Mon, Jun 9 2014 by Neal Hobson

On tomorrow’s statewide primary ballot in North Dakota is Measure 1, a constitutional amendment that would cut 30 days from the signature gathering period, by making the petition deadline 120 days prior to the general election, rather than the current 90 days.

Secretary of State Al Jaeger brought the measure to the legislature in 2013, and a bipartisan majority of legislators jumped at the idea, with 64 percent of Senators and 85 percent in the House voting to put Measure 1 on the ballot.  Jaeger argued the measure will “safeguard the credibility of the petition process.”

But changing the deadline just so happens out cut out the very most important signature-gathering opportunity for initiative sponsors: the North Dakota state fair in Minot, which typically is held in the latter half of July.

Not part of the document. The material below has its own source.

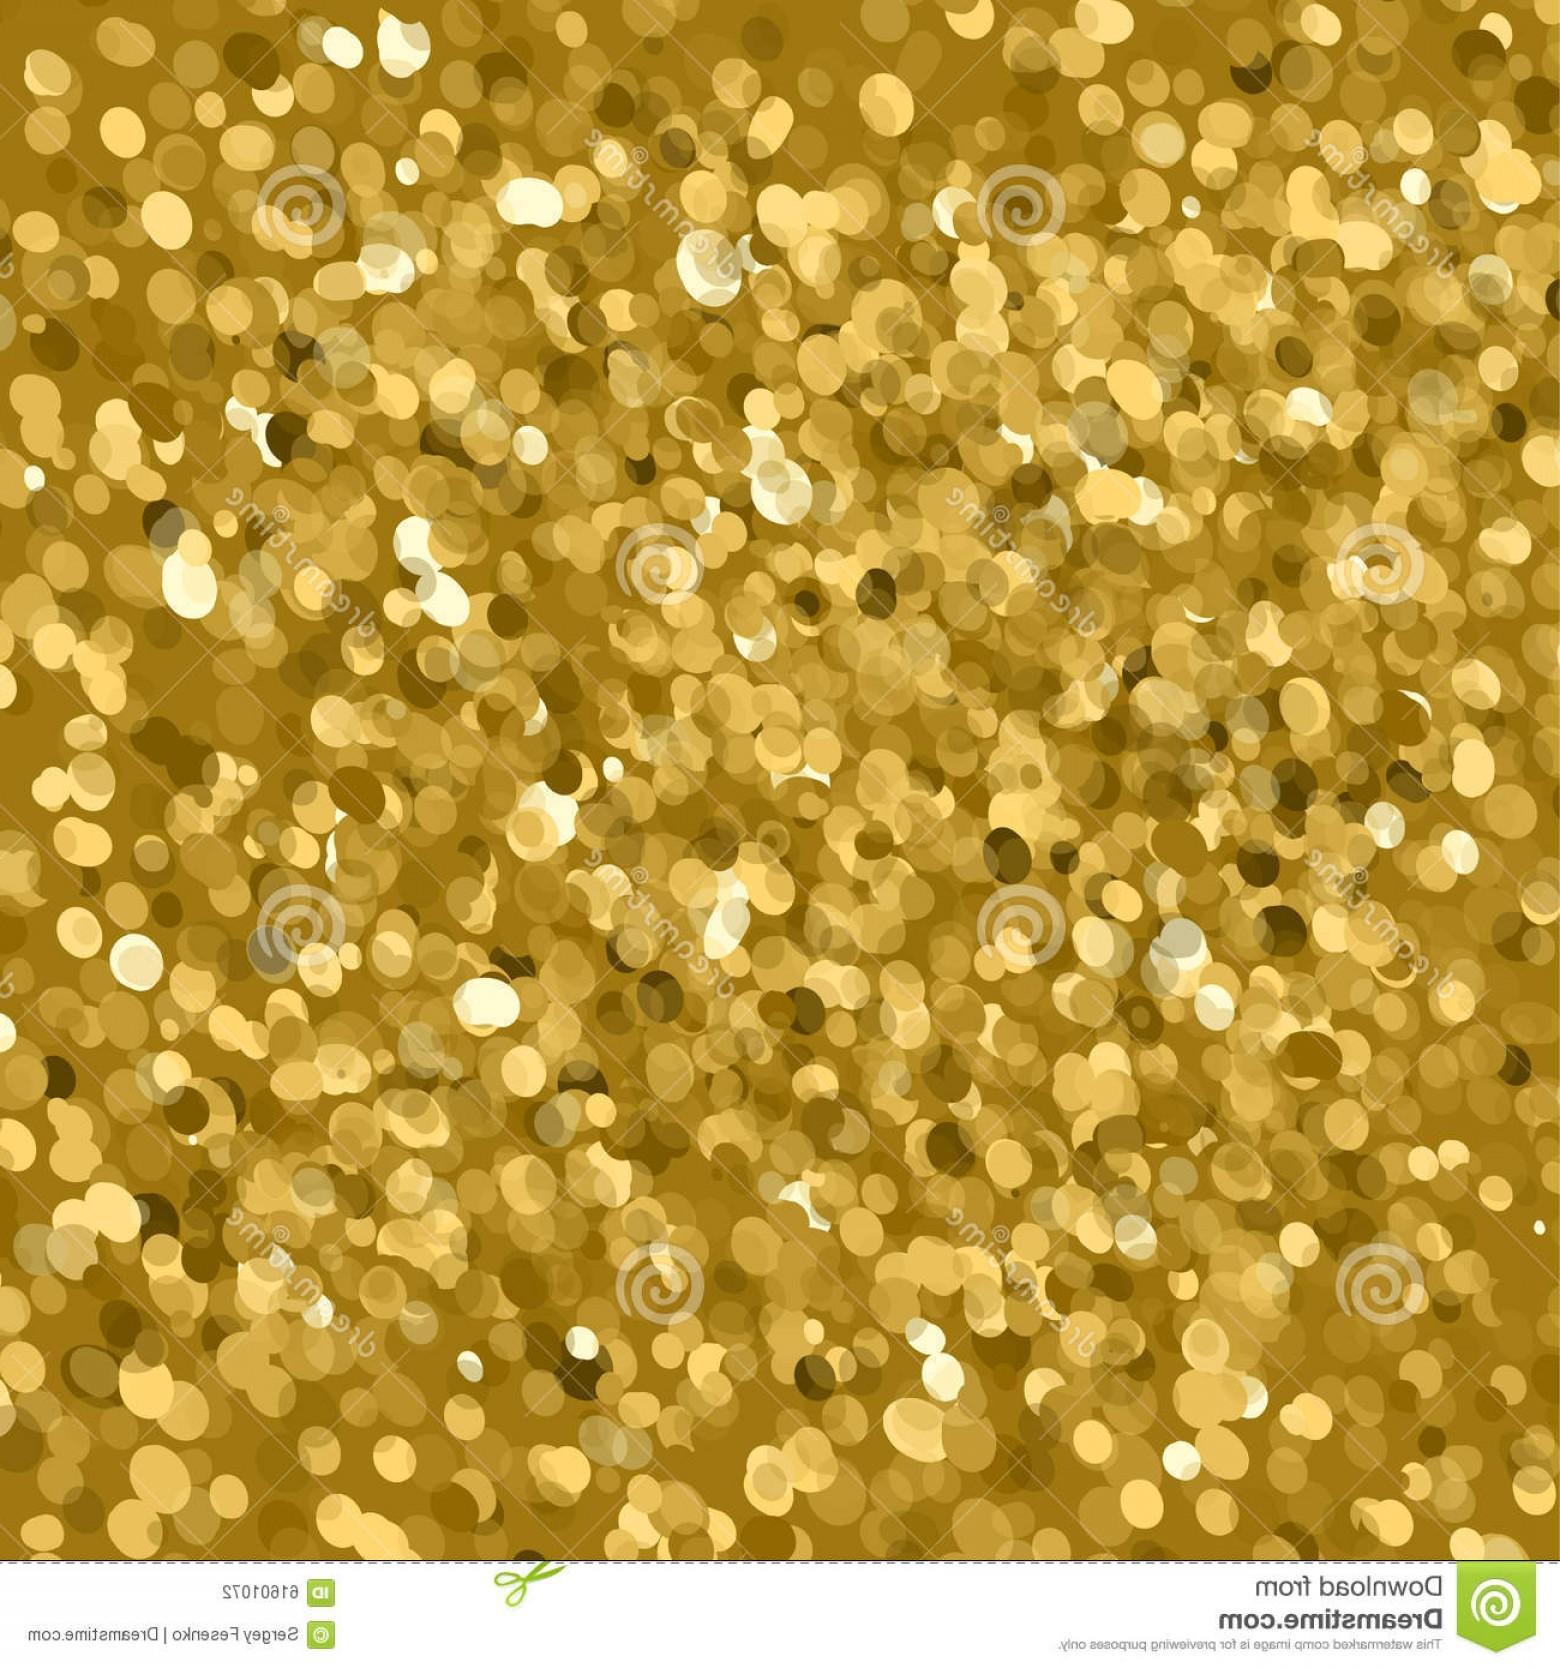 1560x1668 Stock Illustration Gold Glitter Texture Vector Golden Explosion

Dustin Gawrylow, managing director of the conservative North Dakota Watchdog Network, points out that about 25 percent of petition signatures are gathered at the state fair.

“We know that the effect of this law will be to stymie the public’s ability to petition its government,” Gawrylow said.

Citizens in Charge urges a NO vote on Measure 1.

The initiative and referendum process has a long history in the Roughrider State. Citizens have been able to keep the state legislature in check since 1914, placing 261 initiative measures on the ballot via petitions in the 100 year tenure of the process. Measure 1 is an unnecessary reduction in the ability of citizens to petition their government.